# Task directions:
What is needed is the full listing written out exactly, minus the pictures.

# Dataset section:
- - -

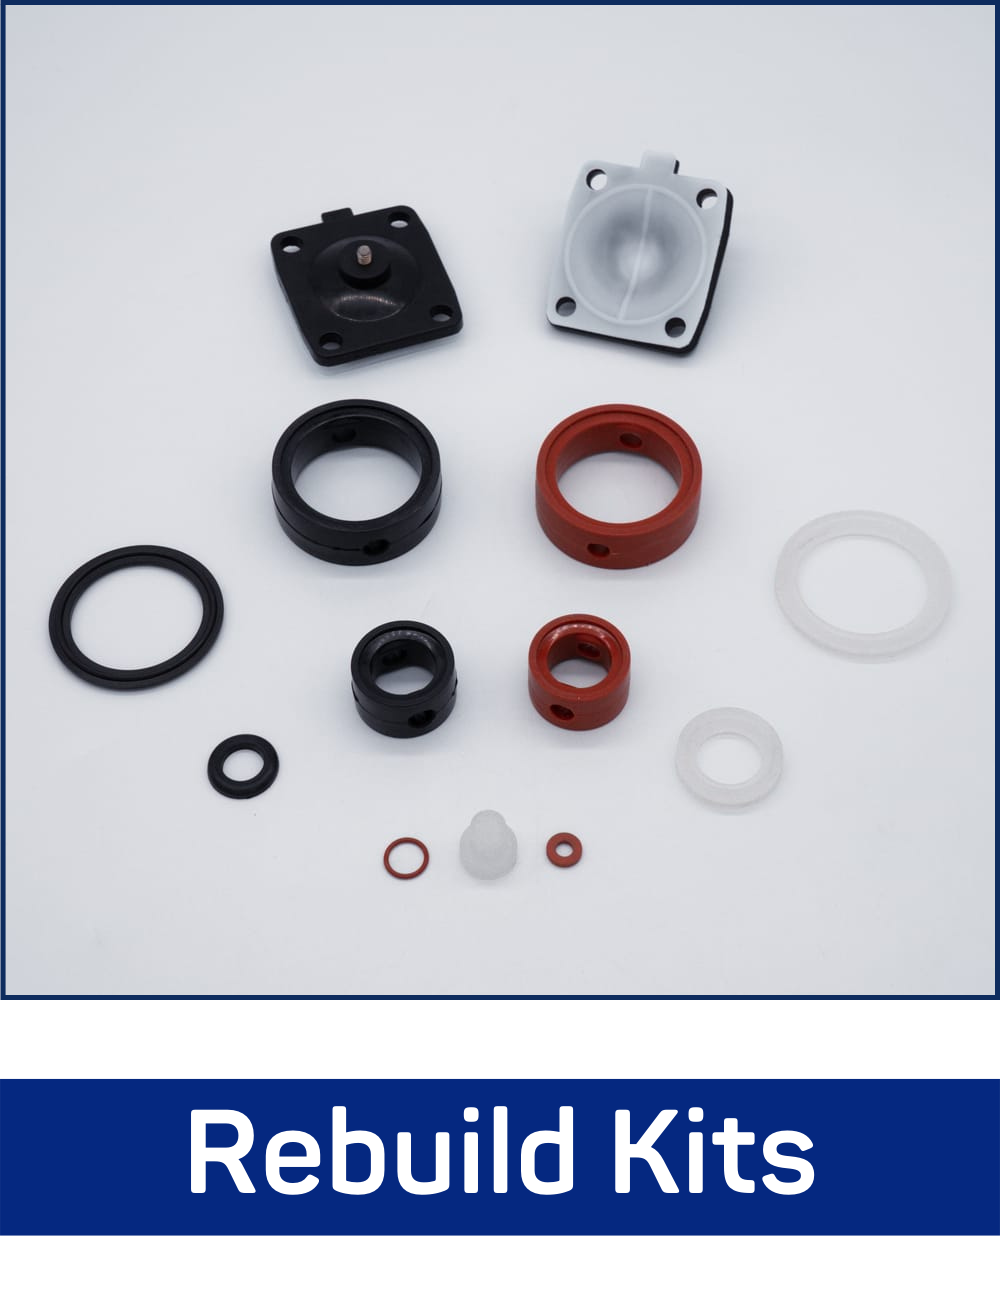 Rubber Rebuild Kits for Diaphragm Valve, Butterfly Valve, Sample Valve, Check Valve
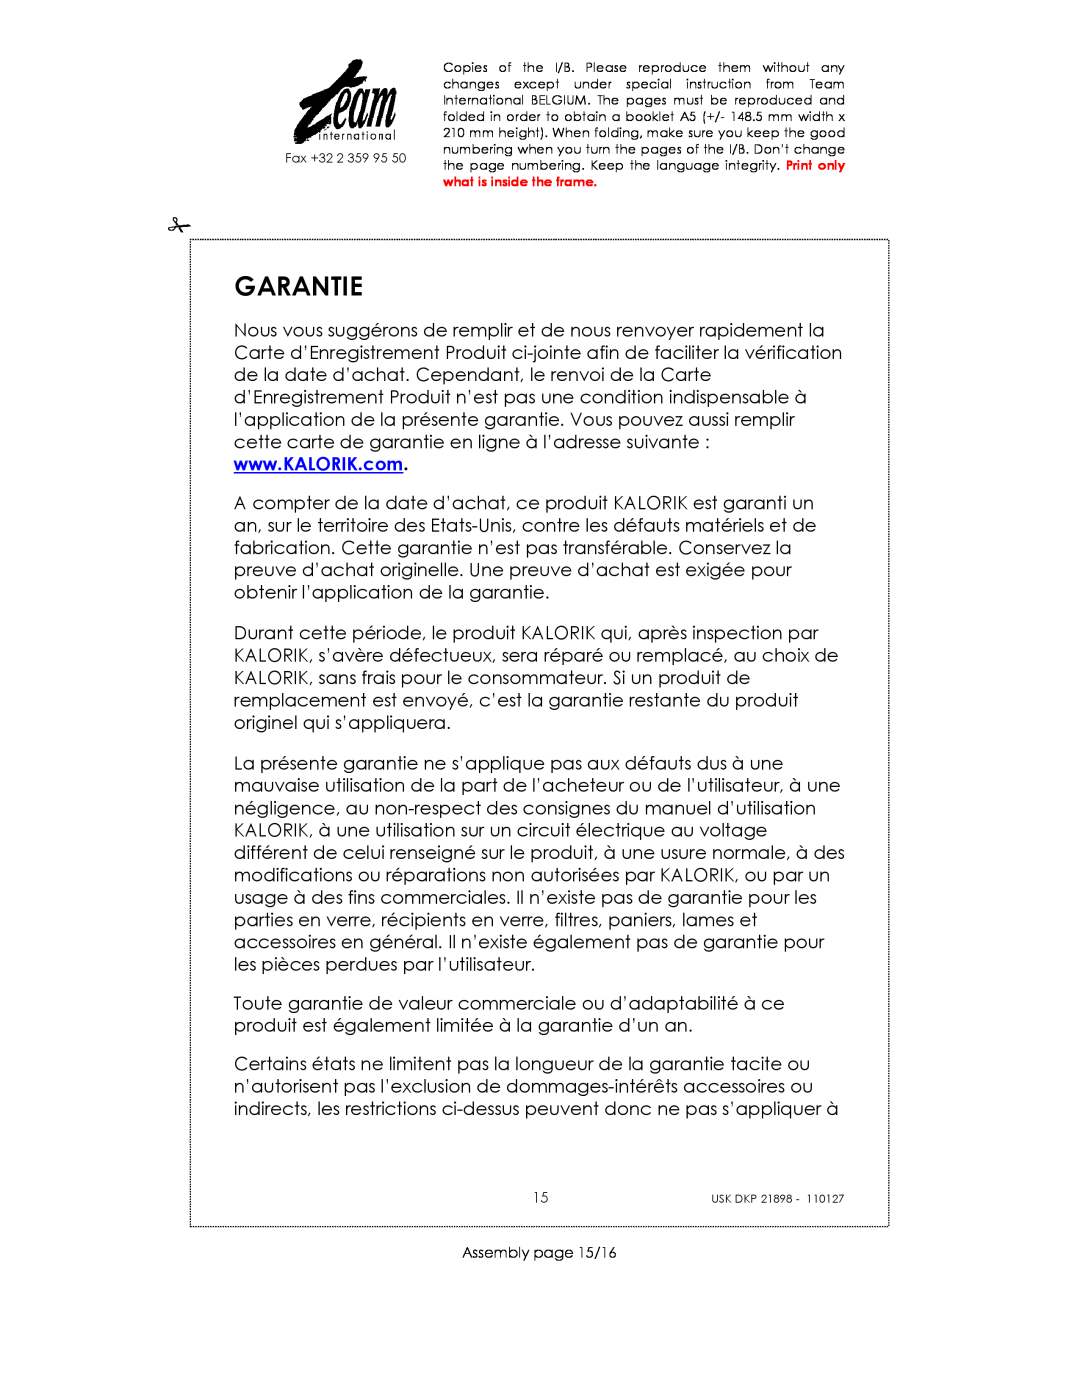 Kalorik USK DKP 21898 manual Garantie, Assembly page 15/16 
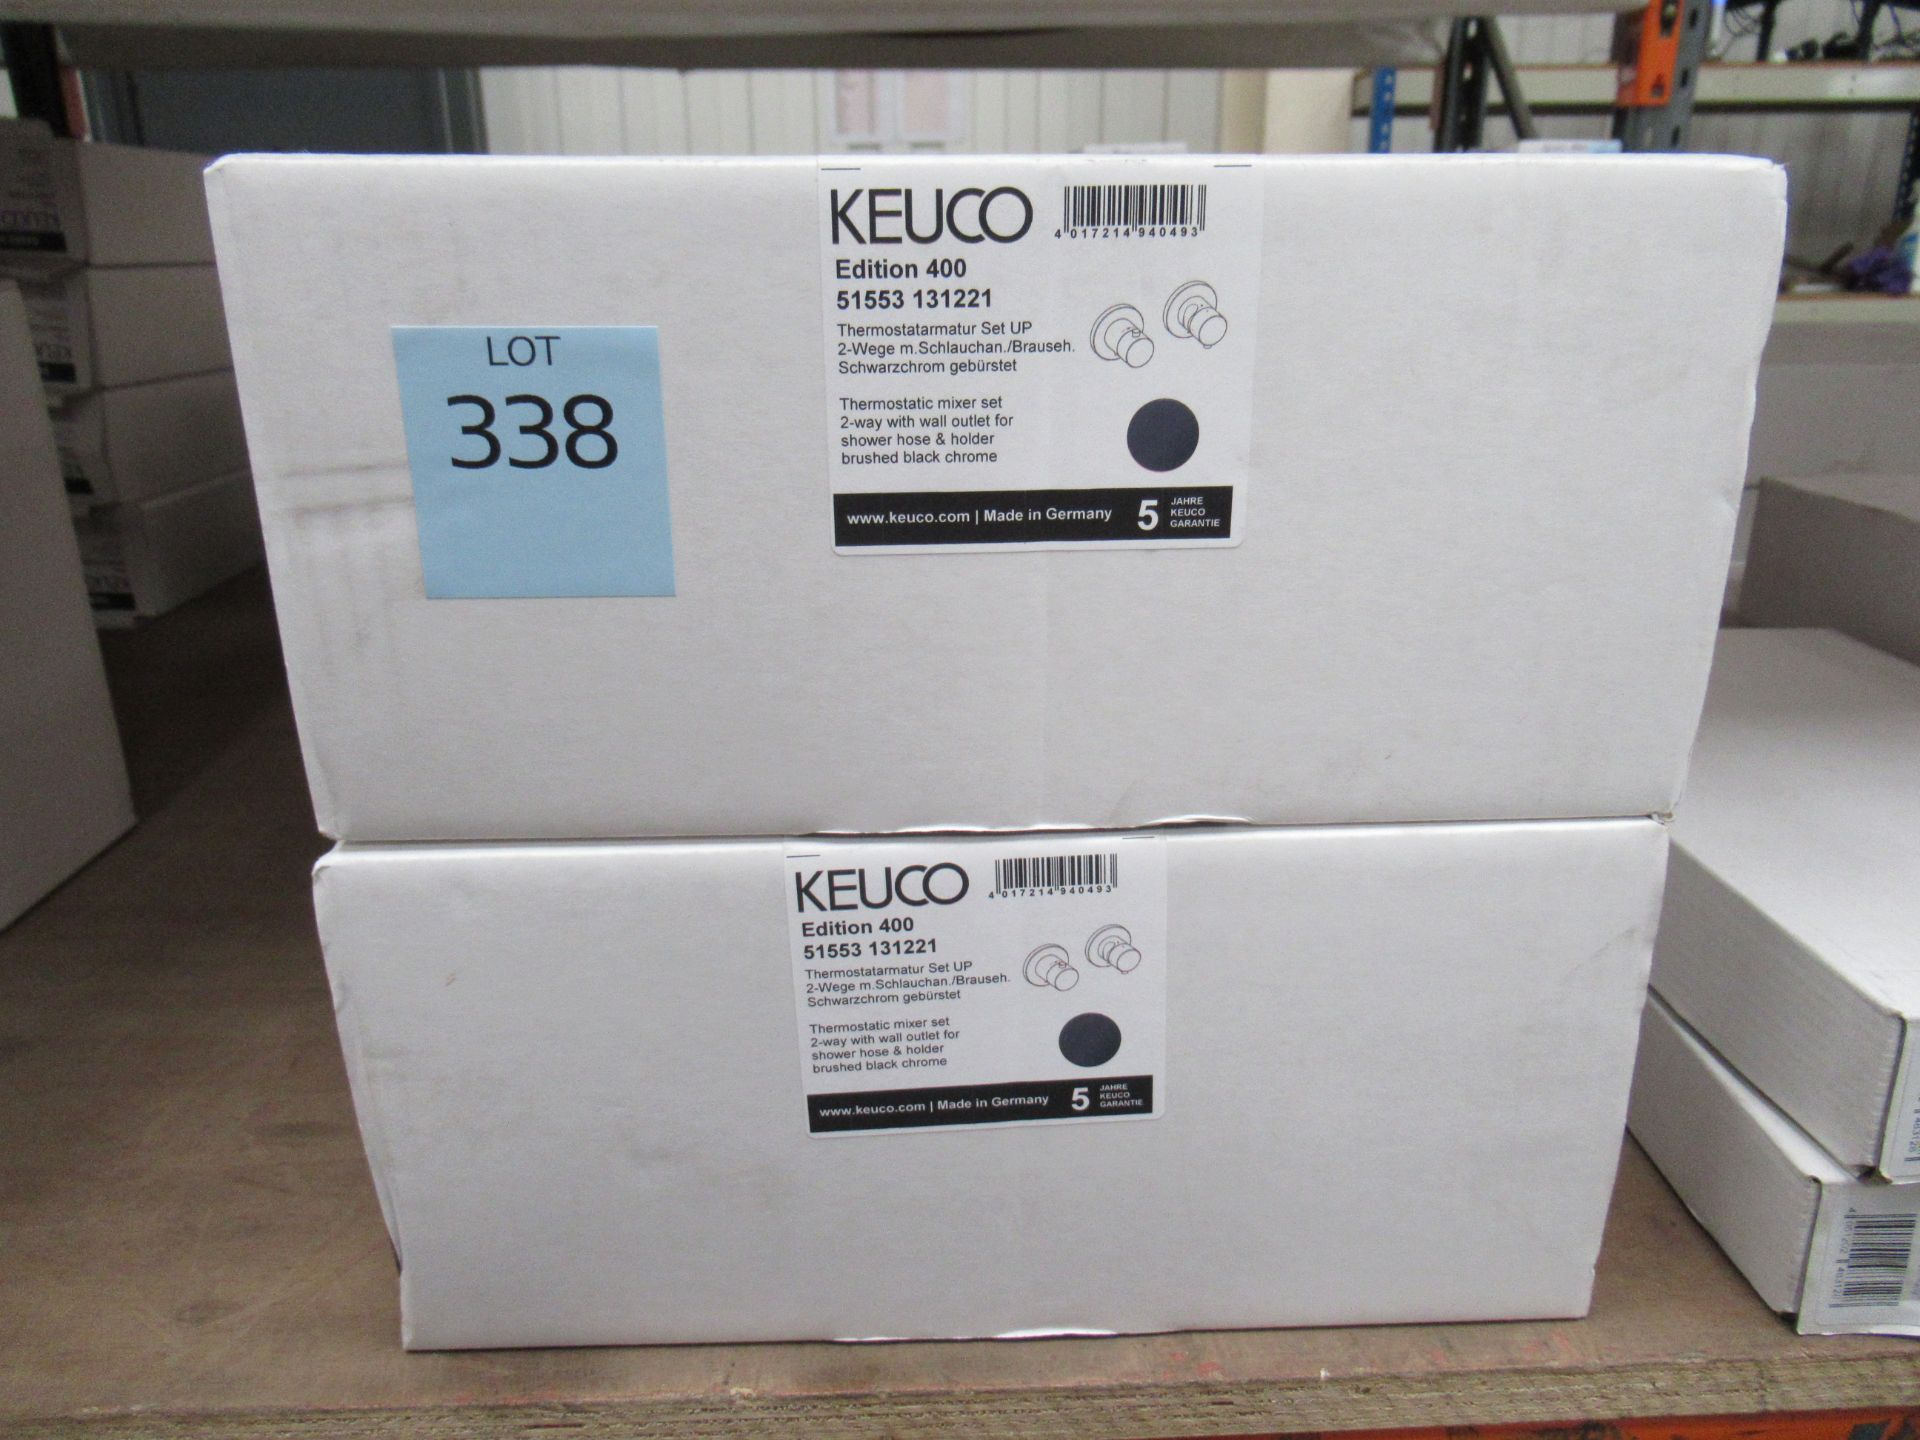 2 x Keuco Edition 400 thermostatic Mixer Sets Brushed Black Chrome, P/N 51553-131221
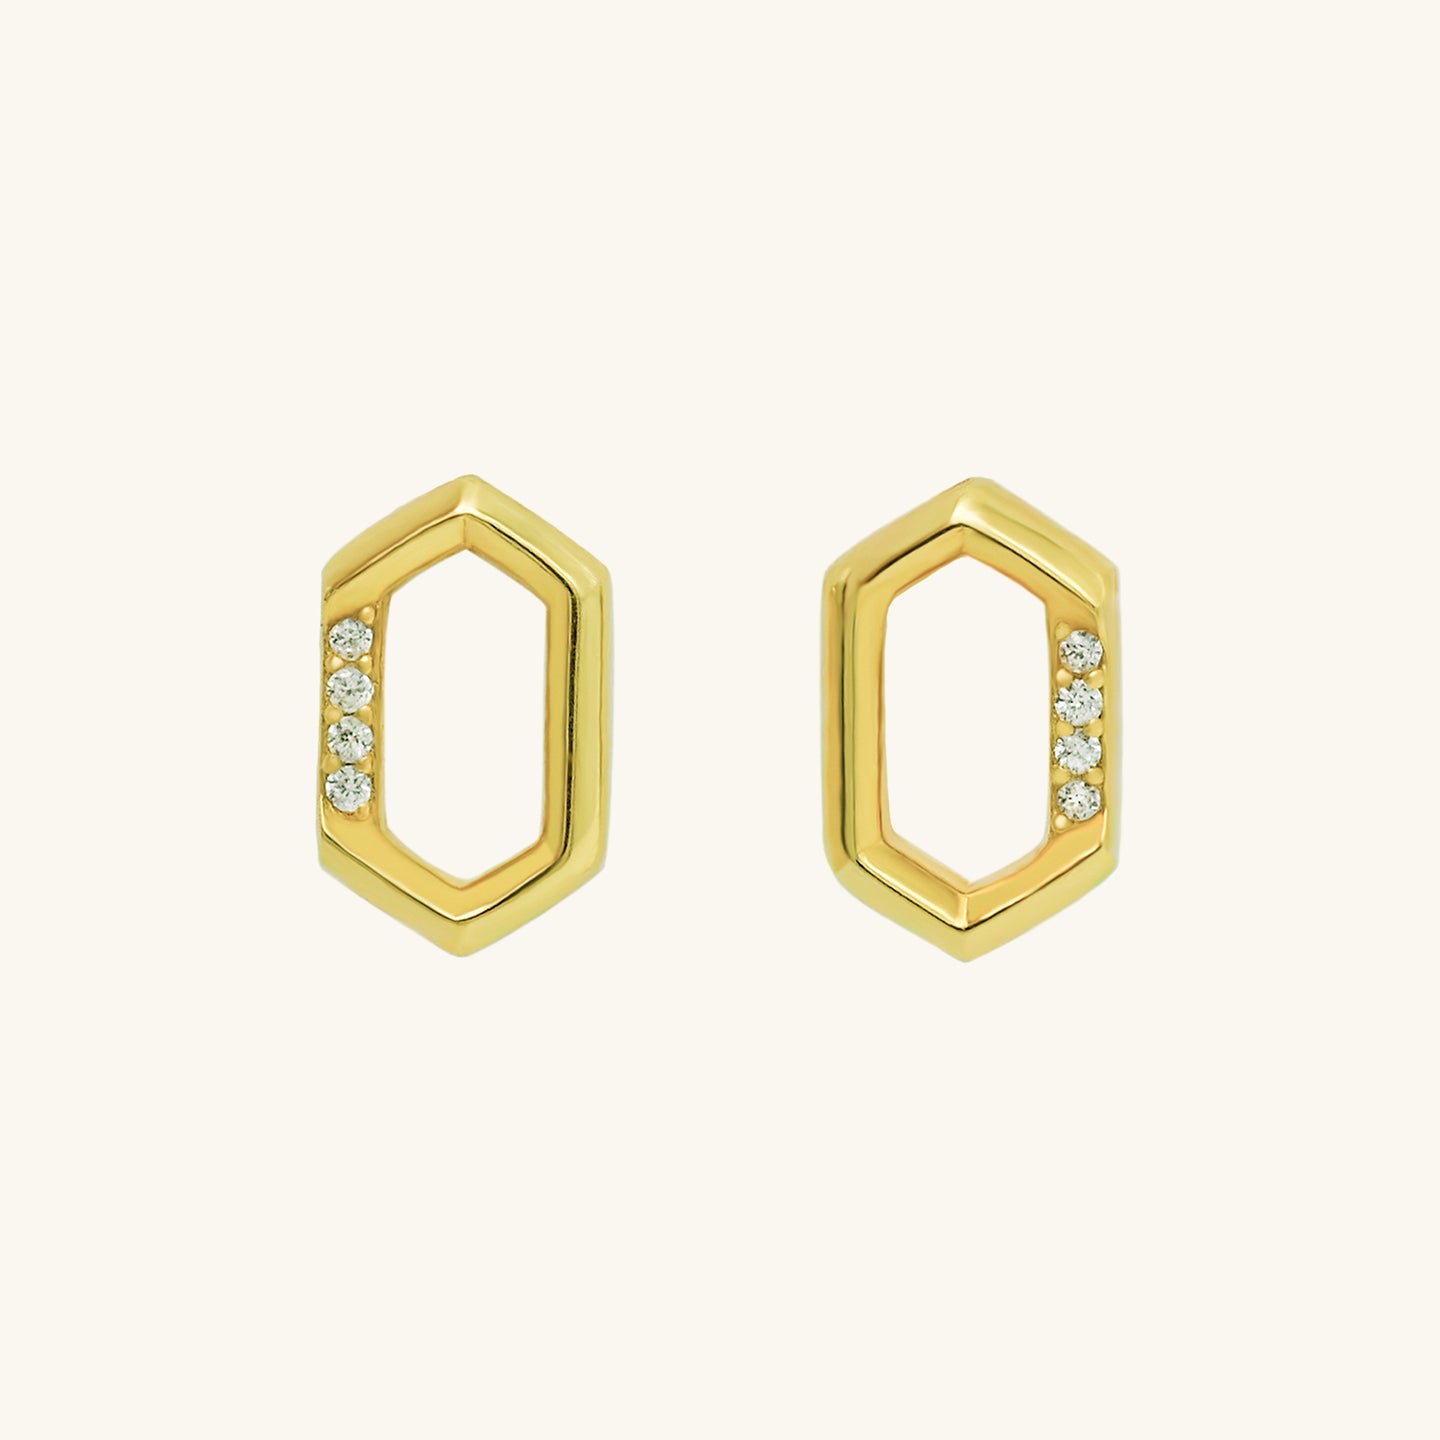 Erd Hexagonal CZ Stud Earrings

- - -

# Output of the task:
 Rubber Rebuild Kits for Diaphragm Valve, Butterfly Valve, Sample Valve, Check Valve
 Kalorik USK DKP 21898 manual Garantie, Assembly page 15/16 
 2 x Keuco Edition 400 thermostatic Mixer Sets Brushed Black Chrome, P/N 51553-131221
 Erd Hexagonal CZ Stud Earrings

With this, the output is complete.